Isla Quinn born 10/29/16 at 38w5d via C/S
--------
TFAS March 2018
RE consultation 8/2/18
Suprise! BFP 8/8/18 natural cycle | EDD 4/19/19
It's a girl!
Afton Noelle born 4/10/19 at 38w5d via natural VBAC
I "snunnelled" (my son calls it this, he can't say snuggle yet) with my 1.5 year old son this morning while we watched, "choo choo" and he turned to me out of nowhere and said, "MOM. MOM?!" and I said, "what baby?" and he grinned at me and then kissed my forehead, then turned back to the show like nothing had happened, like it was totally normal (which it is) and no big deal. And I got to thinking about how freaking pumped I am for you new FTMs to have moments like this with your own babies. It's the most indescribable feeling you will ever have, that fierce, fierce love you muck through a lot to get to but in the end it's just something to marvel at. You find yourself thinking and doing things you never thought you could ever or would ever do. I mean, I struggled with infertility, that unknown. Your kids end up being your greatest strength and your greatest weakness, just in the best possible way.
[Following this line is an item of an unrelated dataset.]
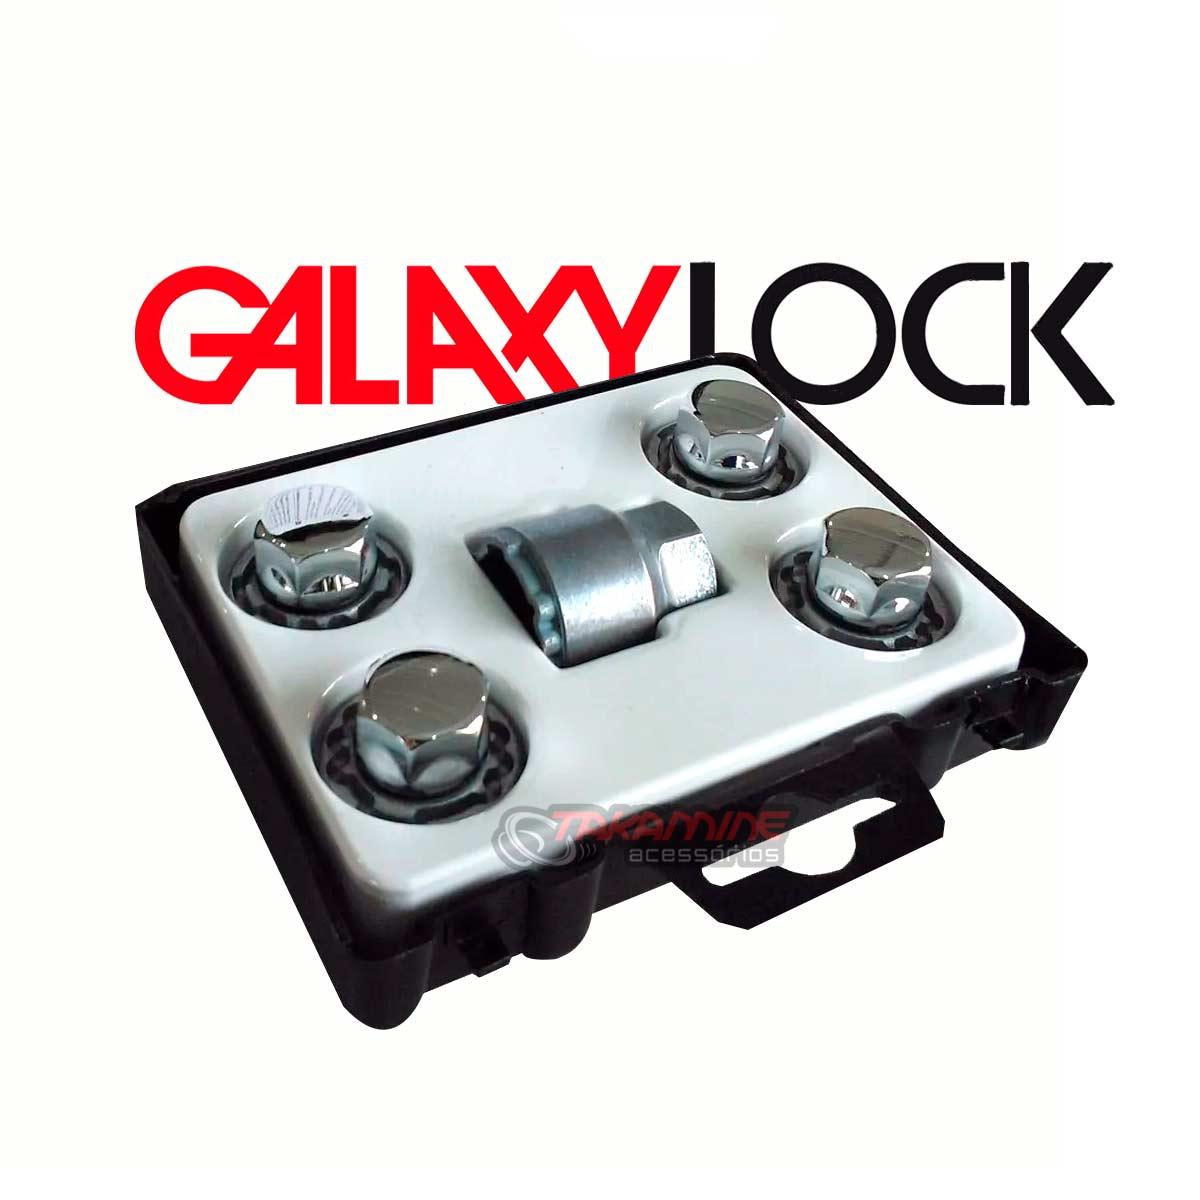 Parafuso antifurto para rodas Galaxy Lock Golf 1995 até 2020 ZA/M
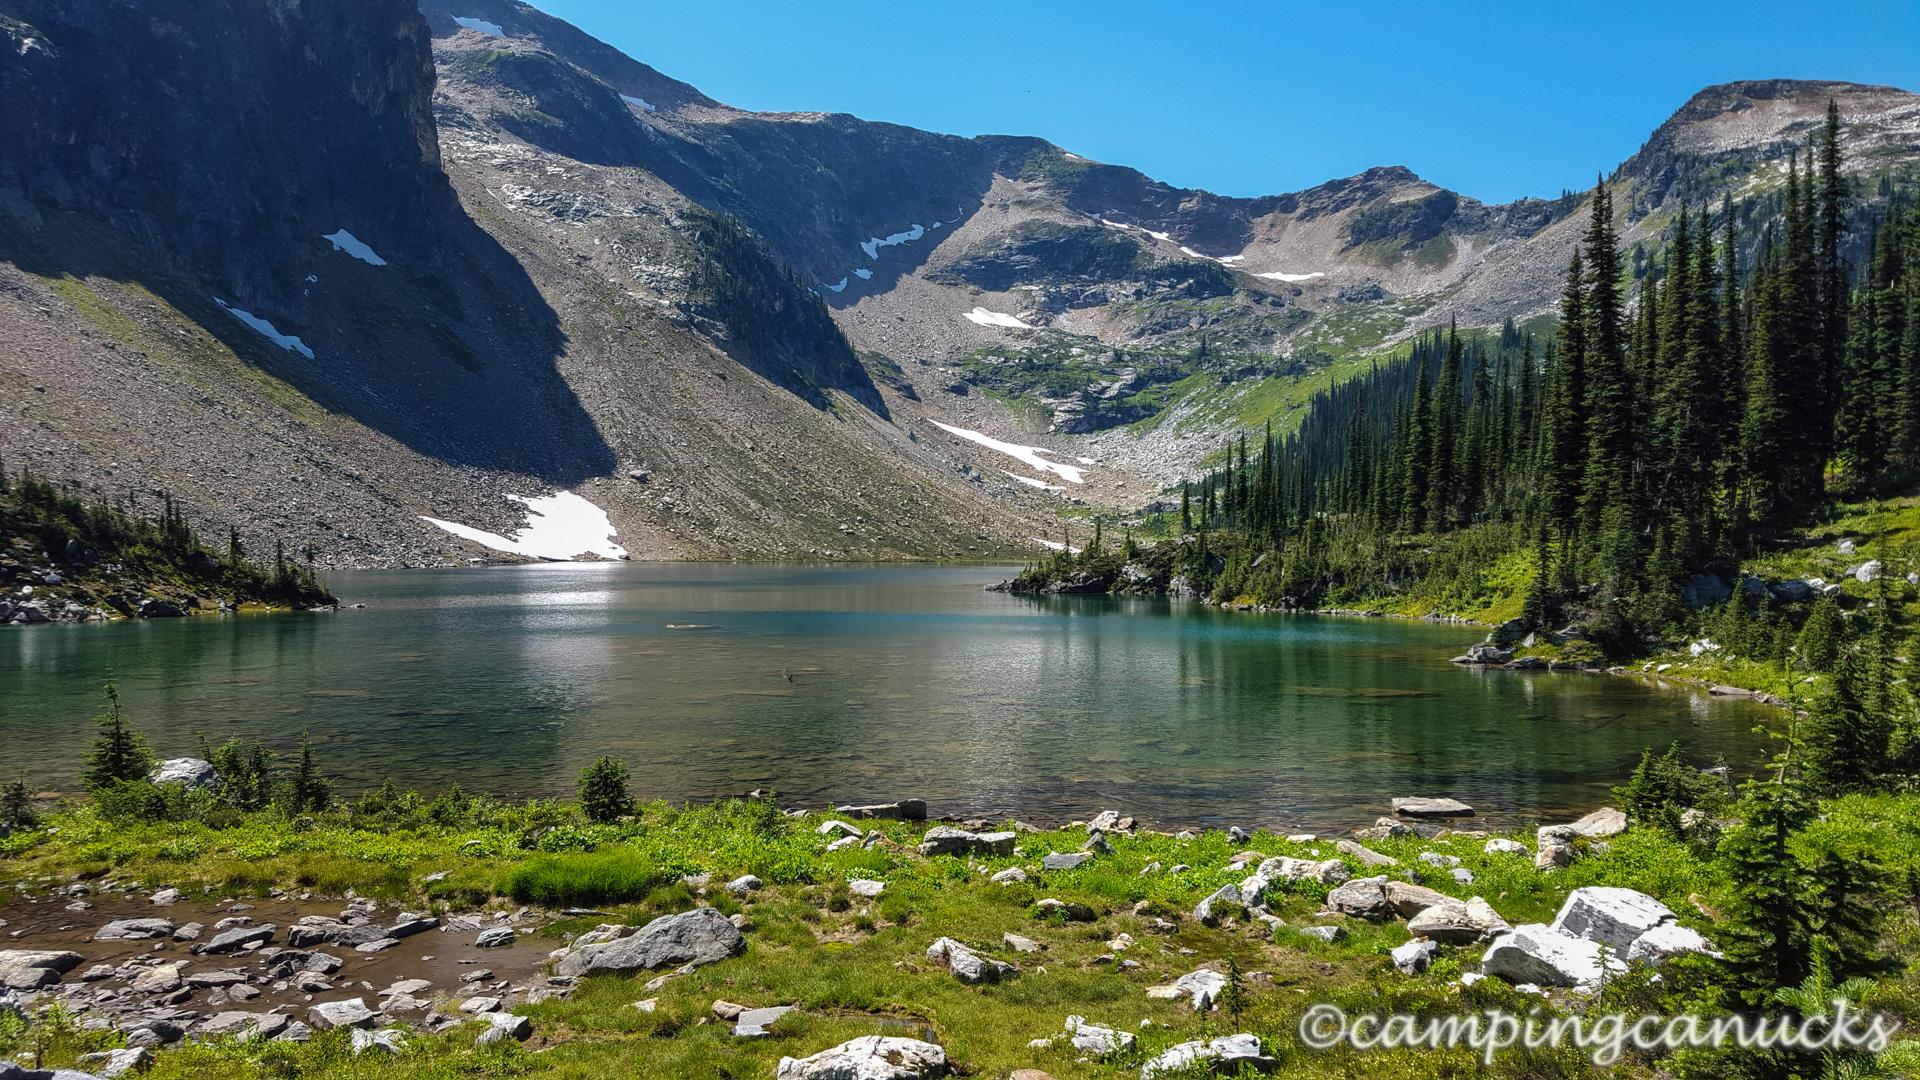 Jade Lakes Trail Mount Revelstoke National Park The

I pictured myself beating up a 5 year old the other day because he got in my son's face, wanting to cut in front of him for the slide. And it felt good. You get so protective, so Mama bear. That's special.
I also cried the other day when we drove through a city that my fiance lived in when we first got together. Apparently I have some extra attachment to that area, so I made him drive by the house too. Oh hormones..
J: mom, do you know what makes me happy?
Me: what?
J: You
Come on. I can't handle it.
BFP February 2016 Baby Girl born 11/2016
BFP 8/16/2018 EDD 4/29/2019 MMC 10/3/2018
BFP 12/16/2018 EDD 08/26/2019 MC/CP 12/20/2018
BFP 03/28/2019 EDD 12/07/2019 Hoping for our rainbow
I'm so glad mom kept some of these though, and that she sent it. But right in the feels man.